圖案化4H碳化矽基板上氮化鎵磊晶層之研究

Abstract

隨著現今電子設備和通信系統的進步，對於高頻、高功率和高電壓的要求也提高，而第一代半導體(Si、Ge)和第二代半導體(GaAs、InP)的溫度、頻率和功率也已經達到極限，這時第三代半導體(GaN、SiC)的出現，也使這些瓶頸有了突破，尤以GaN磊晶層搭配SiC基板最令人注目，因此材料系統具備寬能隙、SiC高導熱係數等材料優勢。 本論文致力於圖案化SiC基板之開發，用以減低GaN磊晶層內之缺陷密度。首先，為了探討陰極射線發光技術是否可以作為量測差排的方法，將使用XRD量測技術去探討一般基板之磊晶結構的缺陷密度大小，並說明CL的量測結果是否可以分析差排密度。針對圖案化SiC基板之開發，本論文研發磊晶側向生長法(ELOG)與圖案化4H-SiC基板。透過一系列的製程製造出圖案化的二氧化矽柱，並且使用陰極射線發光技術來量測ELOG法做出來的氮化鎵磊晶層的缺陷密度，以及探討圖案尺寸與差排密度之間的關係。 在使用圖案化4H-SiC基板方法前，本文會先介紹反應式離子蝕刻(RIE)蝕刻4H-SiC的方法，並調整RIE的氣體流量、壓力、功率和時間，以實現事先設計好的圖案和蝕刻深度，隨後進行微縮尺寸的處理。最終，透過本文的探討與研究希望能製造出低缺陷的氮化鎵磊晶層，並期望未來可以應用於高電子遷移率電晶體(HEMT)的製作。
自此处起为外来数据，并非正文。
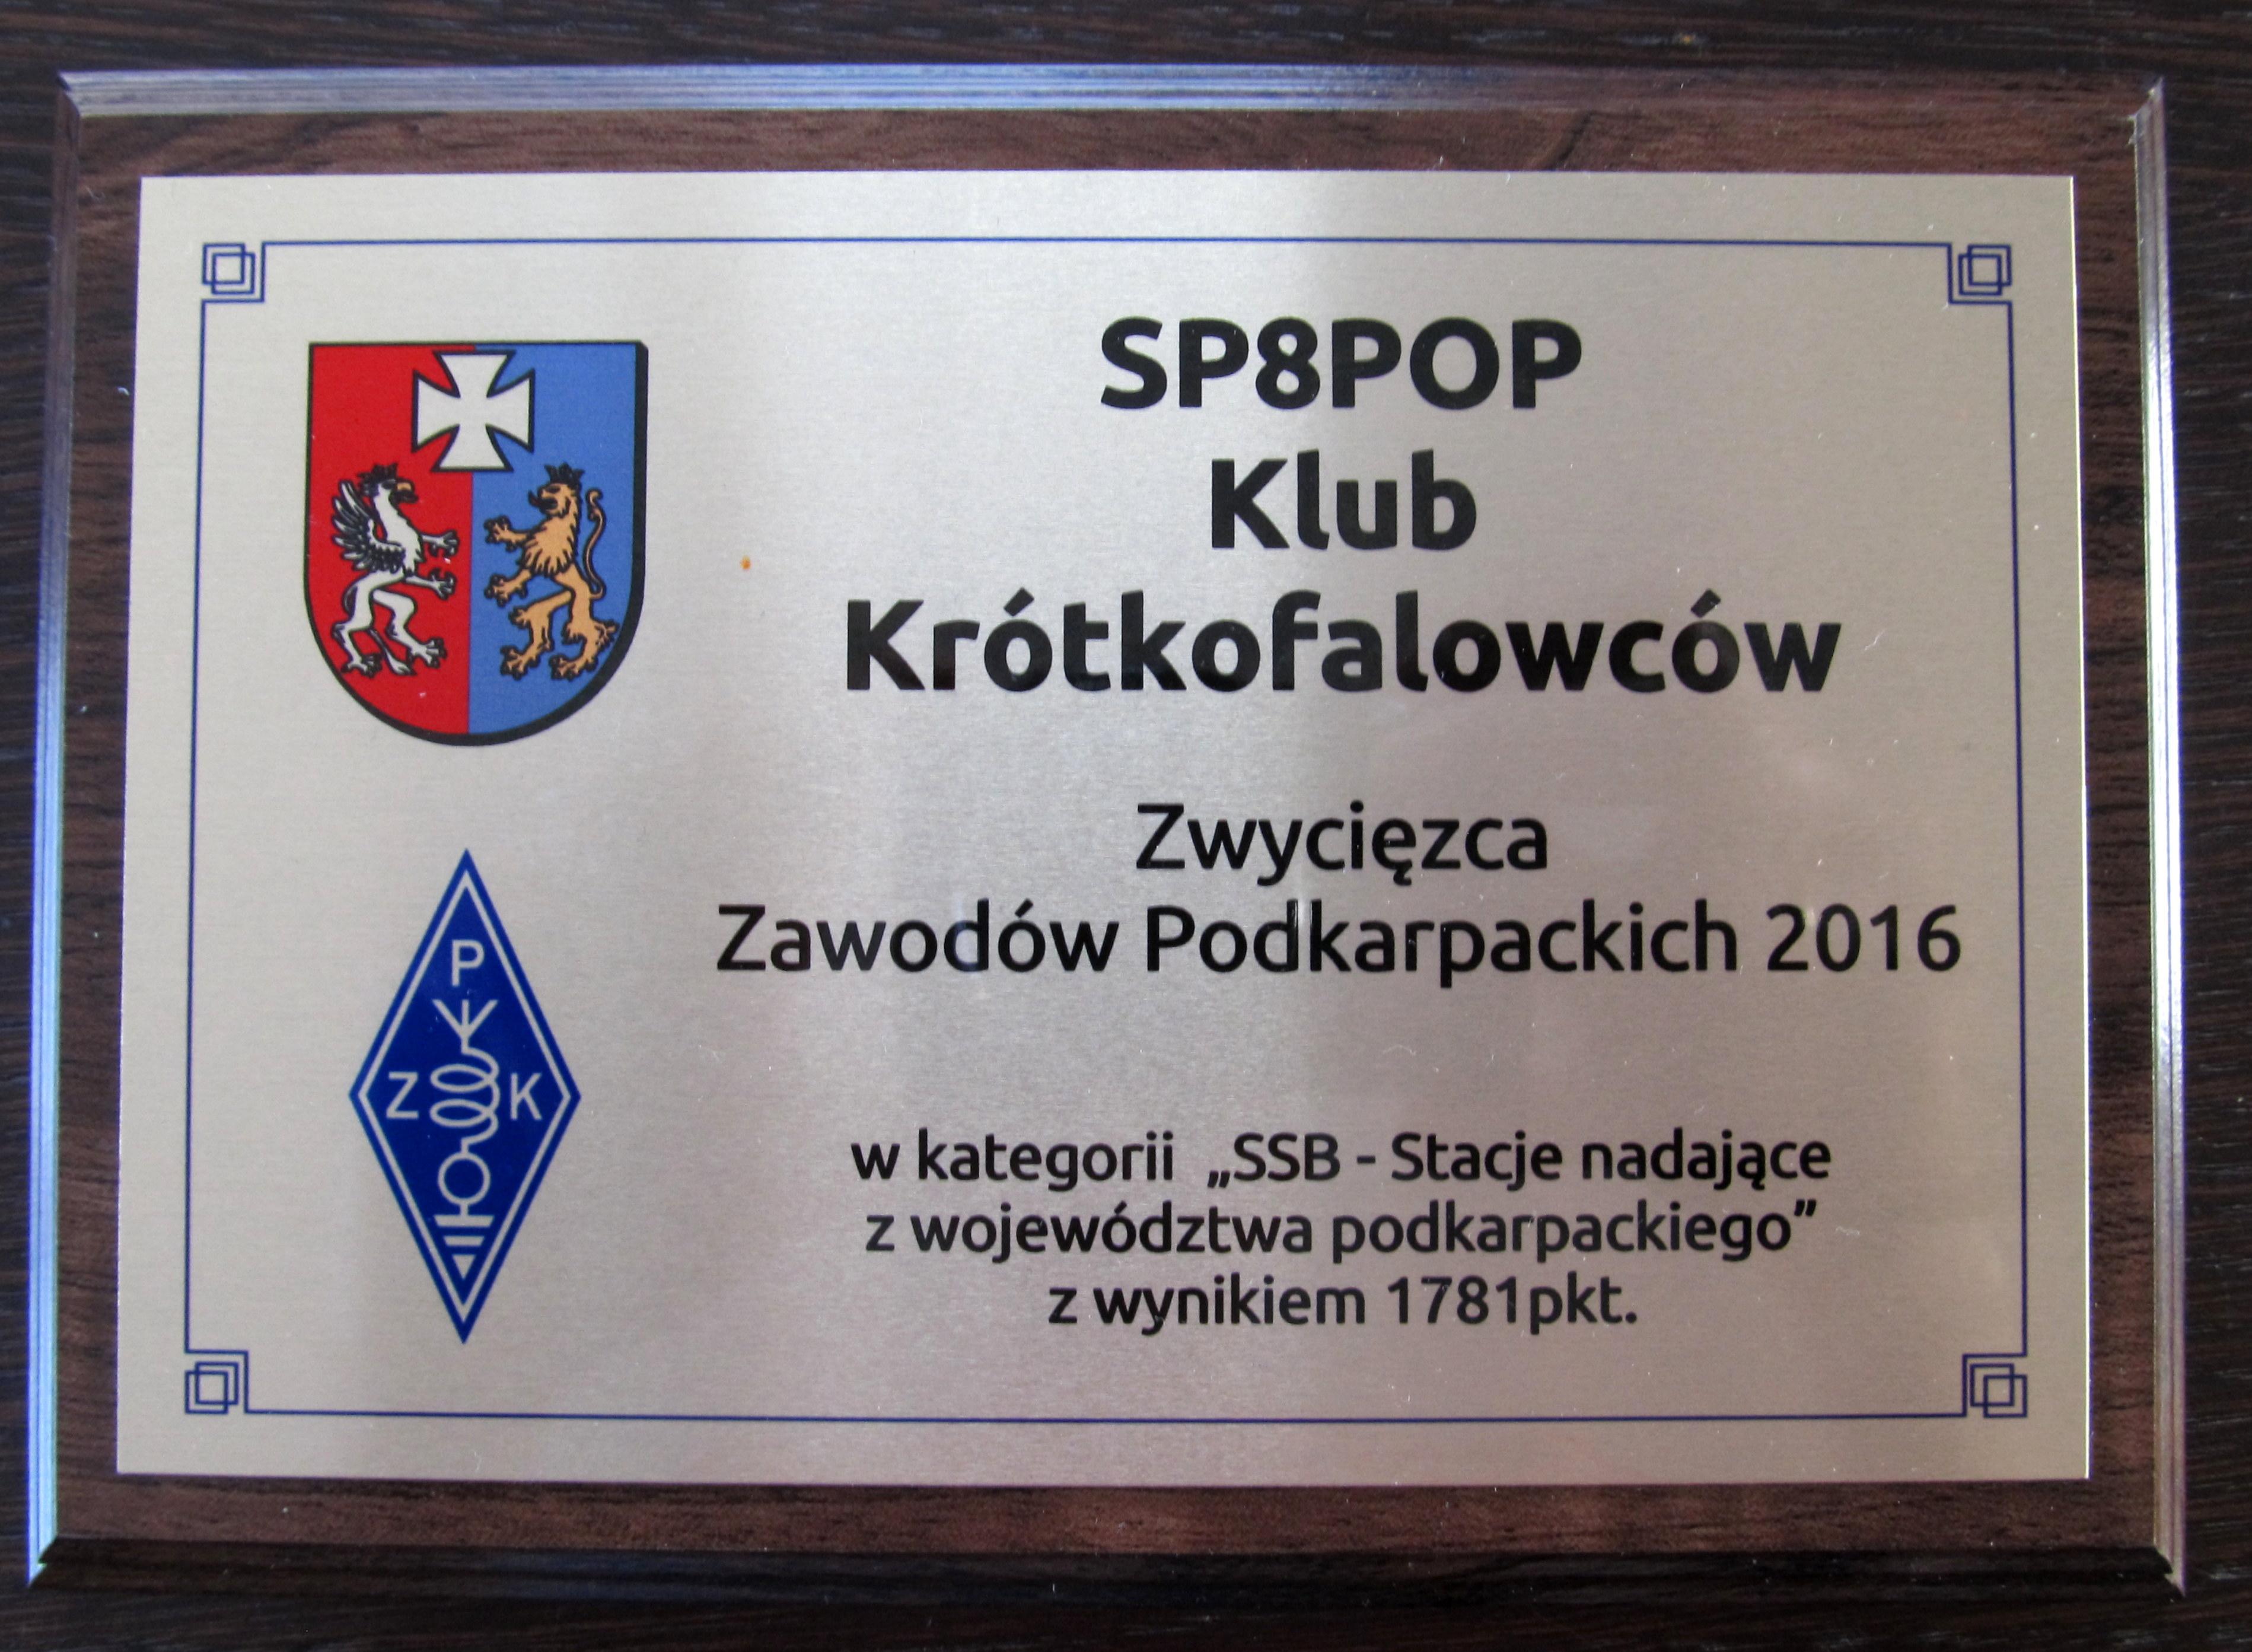 SP8POP - Zwycięzca Zawodów Podkarpackich 2016
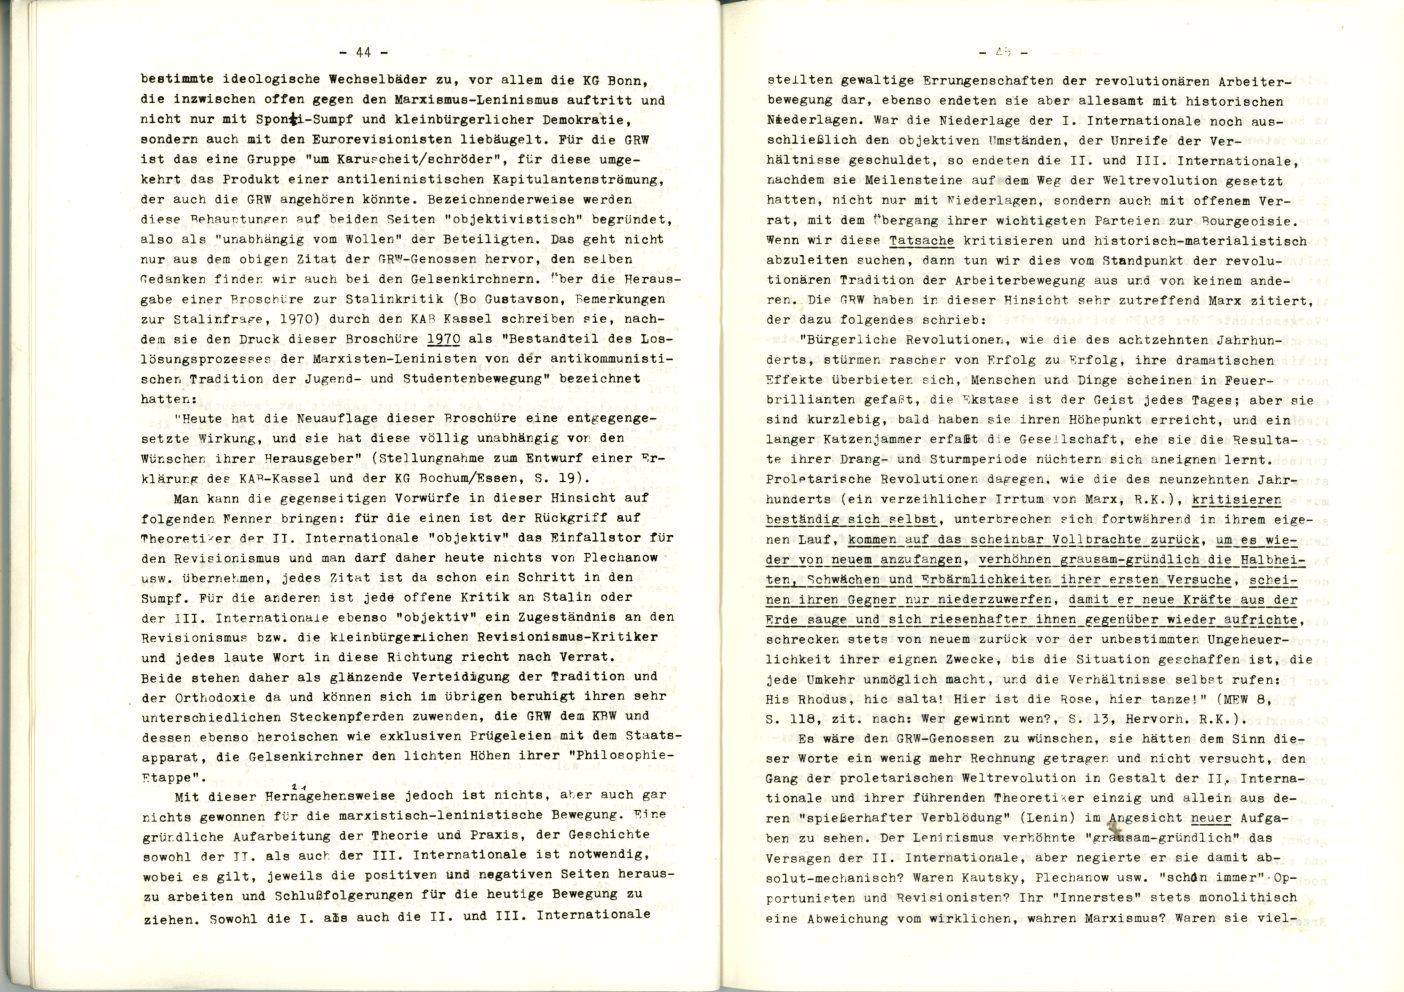 Nuernberg_Fuerth_Erlangen_ML_Diskussionsbeitraege_1979_02_23

With the advancement of electronic devices and communication systems, the requirements for high frequency, high power, and high voltage have increased. The temperature, frequency, and power limits of the first-generation semiconductors (Si, Ge) and second-generation semiconductors (GaAs, InP) have already been pushed to their limitations. The emergence of third-generation semiconductors has provided breakthroughs in these limitations, especially the combination of GaN epitaxial layers with SiC substrates, which is particularly noteworthy due to the material system's advantages such as wide bandgap and high thermal conductivity of SiC. This work is dedicated to the development of patterned SiC substrates to reduce defect density within GaN epitaxial layers. First, in order to explore whether cathodoluminescence (CL) can serve as a method for measuring dislocation density, X-ray diffraction (XRD) measurement techniques will be used to investigate the defect density of the epitaxial structures, and the CL measurement results will be analyzed to assess dislocation density. For the development of patterned SiC substrates, this study investigates epitaxial lateral overgrowth (ELOG) and patterned 4H-SiC substrates. A series of processes are employed to create patterned silicon dioxide (SiO2) pillars, and the CL technology is utilized to measure the defect density of the GaN epitaxial layers produced by the ELOG method, as well as to explore the relationship between pattern dimensions and dislocation density. Before utilizing the method of patterned 4H-SiC substrates, this work introduces the reactive ion etching (RIE) technique for etching 4H-SiC, adjusting RIE gas flow, pressure, power, and time to achieve pre-designed patterns and etching depths, followed by fine-scale treatment. Ultimately, through the exploration and research presented in this study, the aim is to manufacture low-defect GaN epitaxial layers, with the future expectation of their application in the production of high electron mobility transistors (HEMTs).